“Do you fancy Mr. Marston will accept that explanation?”

“Mr. Steele—” the derelict drew back his thin shoulders, and faced the other with a glint in the pale pupils that was an echo of the days when he had been able to look men in the face. “Before I became a scoundrel, sir, I was a gentleman. My daughter is extremely ill. I must remain with her, and take the chance as to what Mr. Marston may choose to do. I shall hope that he will make some allowance for a father’s desperate—if unscrupulous—effort to care for his daughter. I hope so particularly inasmuch as that daughter is also his wife.”

Steele started forward, his eyes going involuntarily to the girl, but she sat unflinching, except that a sudden, spasm of pain crossed the hopelessness of her eyes. Somewhere among Duska Filson’s ancestors, there had been a stoic. Instantly, Steele realized that it was he himself who had brought about the needless cruelty of that reminder. St. John had disarmed him, and put him in the wrong.

“I beg your pardon, sir,” he said.

“I came here,” said St. John slowly, “not only to notify you about your canvases. There was something else. You were both very considerate when I was here before. It is strange that a man who will do dishonest things still clings to the wish that his occasional honest motives shall not be misconstrued. I don’t want you to think that I intentionally lied to you then. I told you Frederick Marston was dead. I believed it. Before I began this—this piracy, I investigated, and satisfied myself on the point. Time corroborated me. It is as though he had arisen from the grave. That is all.”

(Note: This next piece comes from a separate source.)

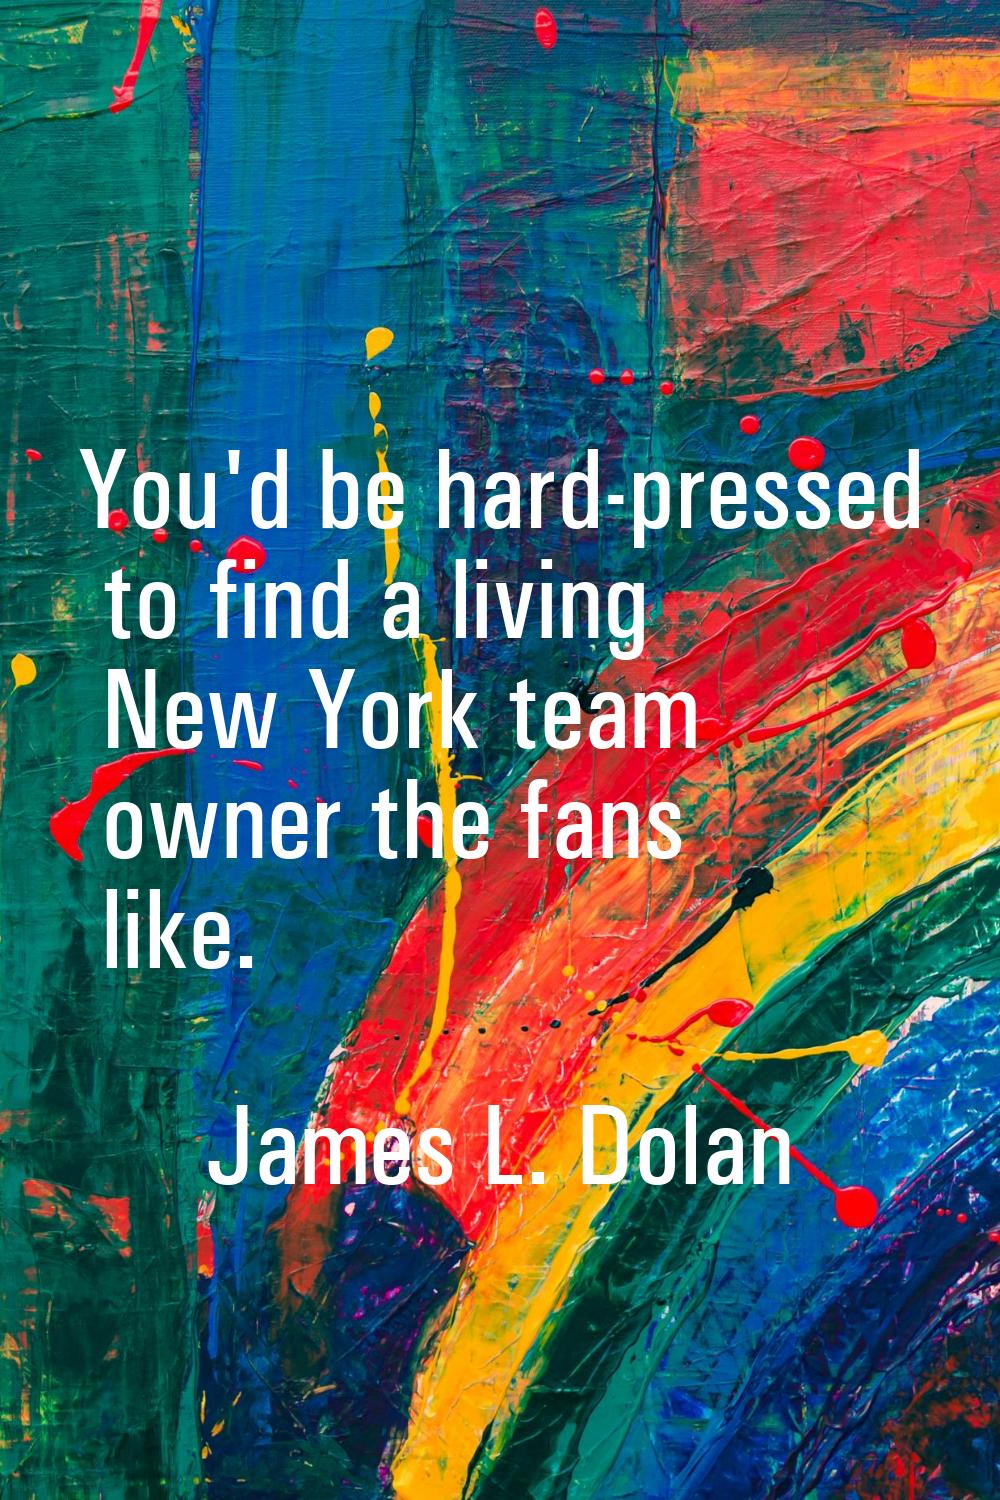 You'd be hard-pressed to find a living New York team owner the fans like.

The man paused; then, looking at the girl, he continued:

“And Mr. Saxon—” he hesitated a moment upon the name, but went resolutely on—“Mr. Saxon will recover. When he wakes next, the doctors believe, he will awake to everything. After his violent exertion and the shock of his partial realization, he became delirious. For several days perhaps, he must have absolute quiet, but he will take up a life in which there are no empty spaces.”

The girl rose, and, as she spoke, there was a momentary break in her voice that led Steele to hope for the relief of tears, but her tone steadied itself, and her eyes remained dry.

“Mr. St. John,” she said slowly, “may I go and see—your daughter?”

For a moment, the Englishman looked at her quietly, then tears flooded his eyes. He thought of the message of the portrait, and, with no information except that of his own observing eyes, he read a part at least of the situation.